ERRα belongs to the NR3B orphan nuclear receptor subgroup, which consists of ERRα, ERRβ, and ERRγ (Hong et al. 1999). All three ERRs show close sequence identity to the ERα DNA binding domain and also feature a conserved C-terminal domain with a putative ligand binding domain and interaction surfaces for coregulators, and a less conserved N-terminal domain (Giguère 2002). Despite this close structural homology to the ERs, estradiol does not bind to ERRα, and X-ray crystallography of the putative ligand-binding domain pocket of ERRα shows it to be almost completely occupied by side chains. This supports the suggestion that ERRα shows ligand-independent transcriptional activation and is largely dependent on its functional interaction with coregulators, including peroxisome proliferator-activated receptor-γ (PPARγ) coactivator 1α (PGC-1A) and PGC-1B for optimal gene regulation (Ranhotra 2010).
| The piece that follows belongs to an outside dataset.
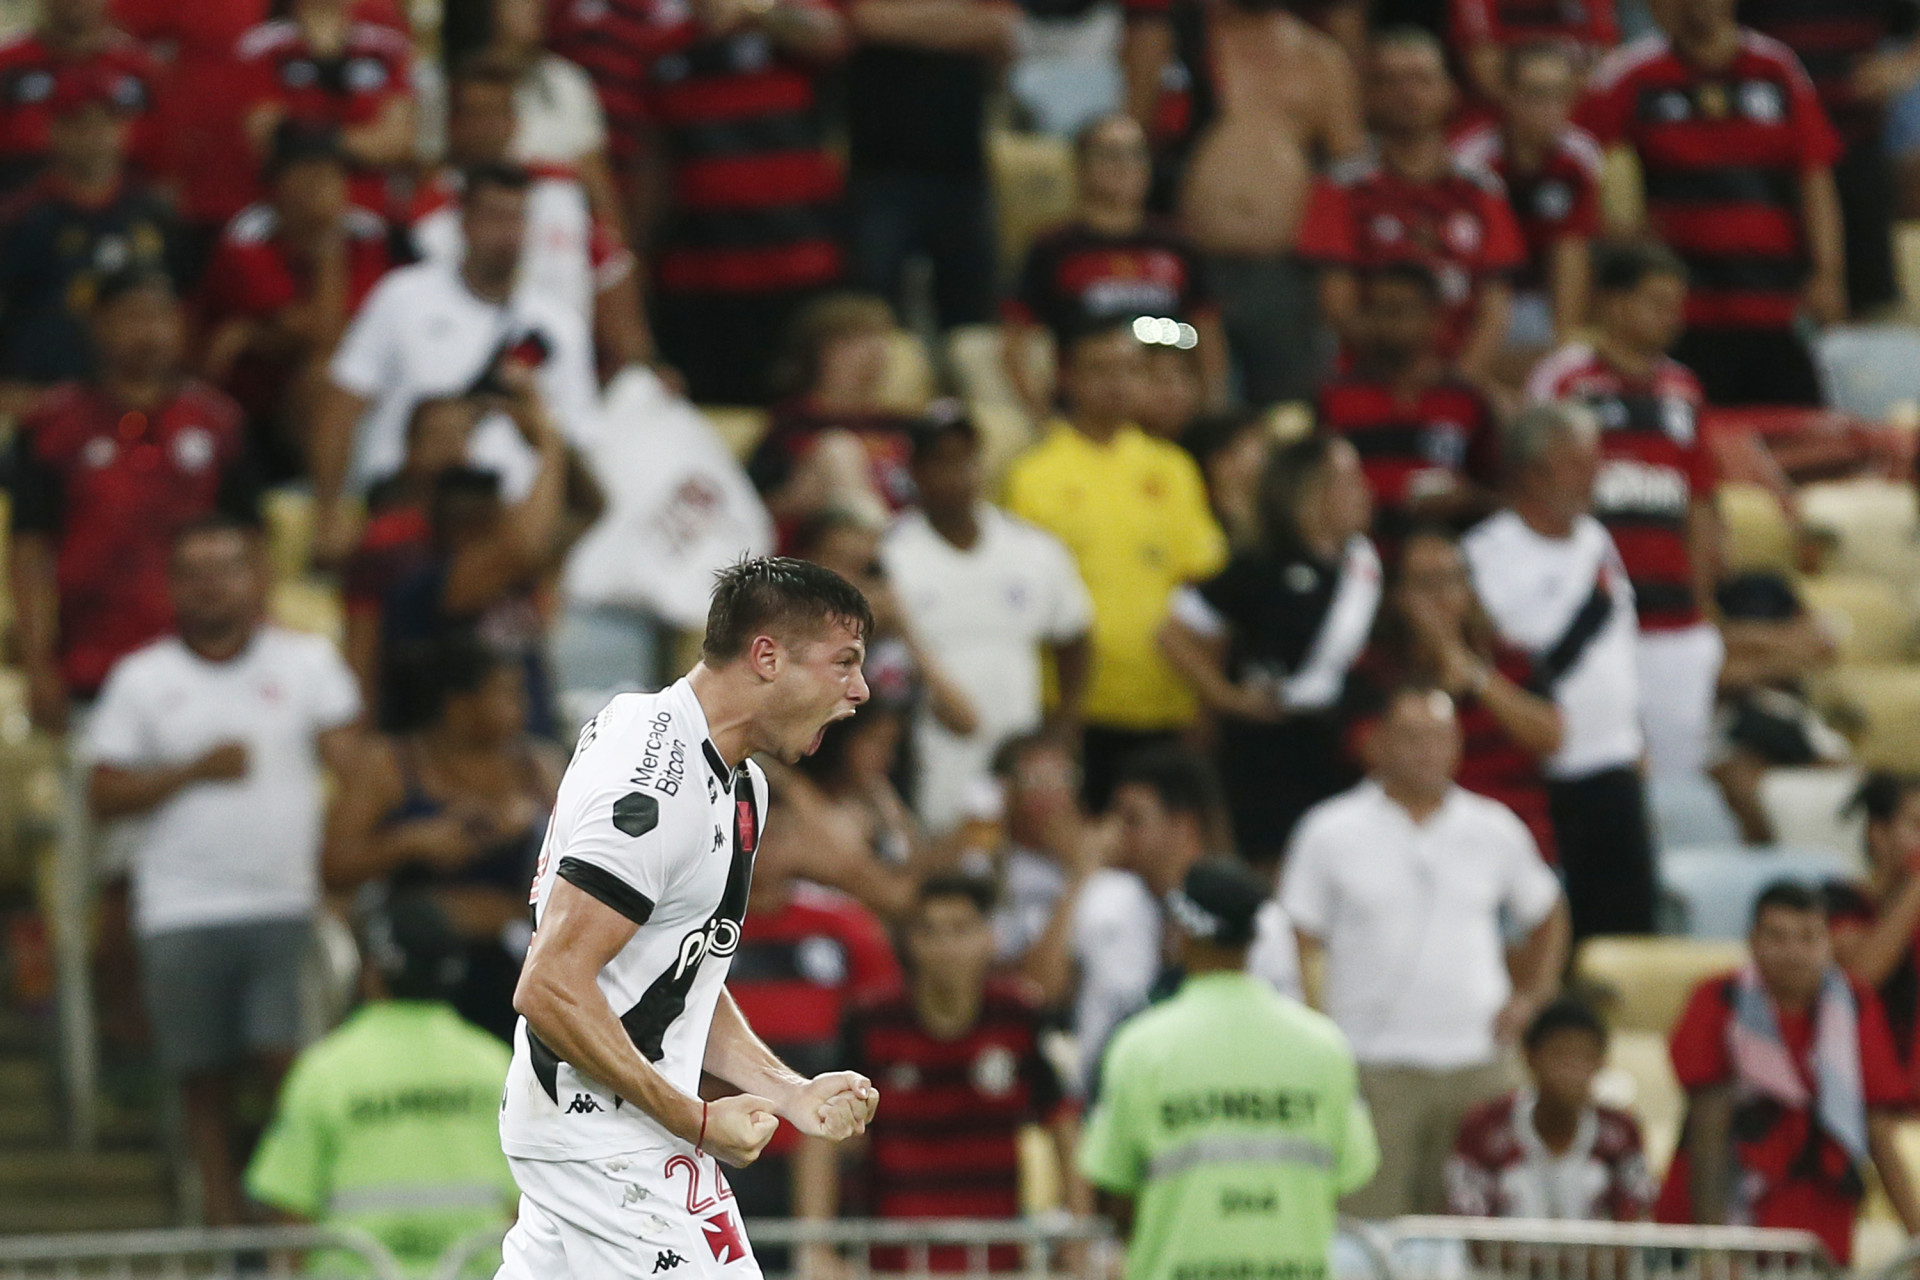 Foto mostra lance de Capasso que originou o pênalti do Flamengo

In adults, ERRα is constitutively expressed in tissues that preferentially use fatty acids as energy sources, including adipose tissue, heart, and skeletal muscle, where it plays a significant role in regulating energy homeostasis and adaptive oxidative capacity (Dufour et al. 2007). These functions are thought to involve close cooperation with PGC-1A and ERRγ (Villena and Kralli 2008). Crucially, BPA binds to ERRγ with high affinity (Okada et al. 2008), and ERβ has been identified as an important regulator of PPARγ (Foryst-Ludwig et al. 2008).
Given the structural homology between ERs and ERRs, particularly in the DNA-binding domain, involvement of ERRs in estrogenic signaling pathways is not unexpected (Giguère 2002). ERRα has been proposed as a regulator of aromatase activity (Yang et al. 1998), and in turn, estradiol induces up-regulation of ERRα in some tissues (Shigeta et al. 1997). ERRα stimulation of androgen-responsive element–containing promoters illustrates the potential for cross-talk with signaling driven by other steroid hormones (Teyssier et al. 2008).
The functional relevance of changes in ERβ and ERRα expression in blood leukocytes has not been determined. Because estrogens and androgens can exert differential effects in function depending on the cell type and its stage of development, the consequences of BPA exposure on a wider range of adult reproductive and somatic tissues merits further attention (Goodman et al. 2008). However, up to 50% of expression changes in leukocytes for highly heritable cis-acting traits are also mirrored in other tissues such as adipose tissue, making them viable surrogates for exposure of other tissues (Emilsson et al. 2008). Human adipocytes express both ERβ and ERRα (Hugo et al. 2008), and adipocyte explants respond to both BPA and 17β-estradiol exposure in the nanomolar range by accumulating lipid. Taken together, these results are strongly suggestive of specific and targeted bioactivity of BPA in vivo, even if the clinical relevance, if any, of these findings is not yet clear.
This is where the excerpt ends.